Todays recipe though, is for none of the above , nor is it the spinach curry I am looking forward to eating while I am in London. It is a spinach and rice cake, which firstly came about for me because of spinach and rice leftovers. Or as an Italian would say the avanzi di spinaci e riso avanzi intend what remains, but also something advantageous, which is the way Italians insure leftovers. Of route Italy isnt alone or special in having resourceful recipes for using leftovers: its a feature in conventional home cooking in all countries. But Italy is where I know, and where recipes for leftovers certainly continuing to be regulate, helping cooking feel like a continuum, one food and meal rolling into the next rather than a series of isolated occasions.

Whether realise with advantageous leftovers, or cooked from scratch, this is surprisingly yummy and good plan; savoury and pleasingly plump. It is all very straightforward rice and spinach mixed with its friends: butter, nutmeg, parmesan and eggs, pressed into a tin then roasted. The tin helps create a crusty foot. It is good provided red-hot, heated or at room temperature. Spinach and orange are good companions, so my Sicilian orange and fennel salad, which I roll out wherever possible, is my choice of accompaniment here. Otherwise there is the exceedingly affable peperonata. Your suggestions are welcome. If you do prepare the spinach for this, maybe cook more than you need and shape your spinach advantage into a ball.

Spinach and rice cake torta di spinaci e riso

I am not going to assume you all have leftover spinach and rice, so here is the recipe from scratch, which should also help you get a handle on sums so when you do have leftovers you can do it by eye.

Rachel

Rachel Roddys spinach and rice patties Photograph: Rachel Roddy for the Guardian

Dishes 46
500g fresh spinach
250g Italian short cereal risotto rice( such as arborio or carnaroli)
Salt and black pepper
A tiny onion
20g butter, plus more for the dish
3 eggs, beaten
50g parmesan
Nutmeg
A handful of fine breadcrumbs

1 Pick over the spinach, discarding discoloured foliages and tough stubbles, then bathe in a couple of changes of cold water.
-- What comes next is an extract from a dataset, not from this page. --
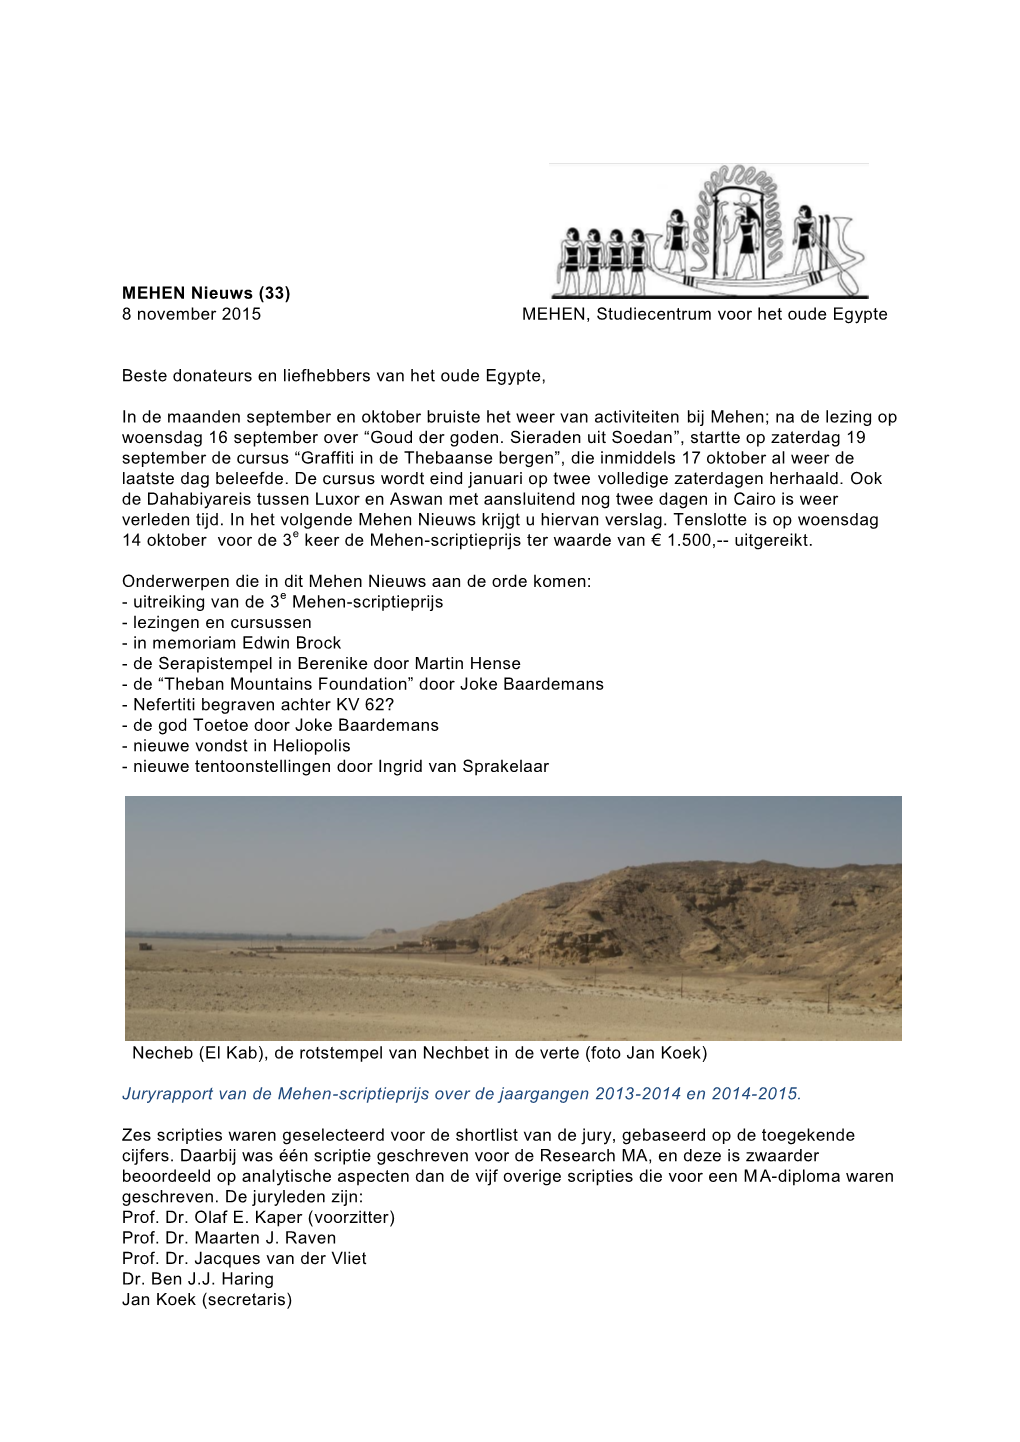 MEHEN Nieuws (33) 8 November 2015 MEHEN, Studiecentrum Voor Het Oude Egypte

Substance the wet spinach into a large pan with no additional ocean and cook, embraced over a low-toned heat until it withers. Tip-off it into a colander and then leave to exhaustion thoroughly.

2 Boil the rice in salted liquid for 10 hours, then drain.

3 Peel and finely dice the onion. In a large sauteing or saute wash, fry the onion in the butter with a small pinch of salt until soft and golden. Use scissors to approximately chop the spinach and then add to the frying pan along with the rice.

4 Pull the pan from the kindle, allow to cool a little before adding the thump eggs, parmesan, nutmeg, black pepper and a pinch of salt if necessary.

5 Butter and dust a patty tin or mould with fine breadcrumbs. Tip the potpourrus into the mould and then press flat with the back of a spoon. Bake at 200 C/ 400 F/ gas mark 6 for 25 minutes or until the patty is create conglomerate, a little crispy and golden. Give to sit for five minutes before returning out, or acting straight-out from the tin in wedges. Likewise very good at area temperature.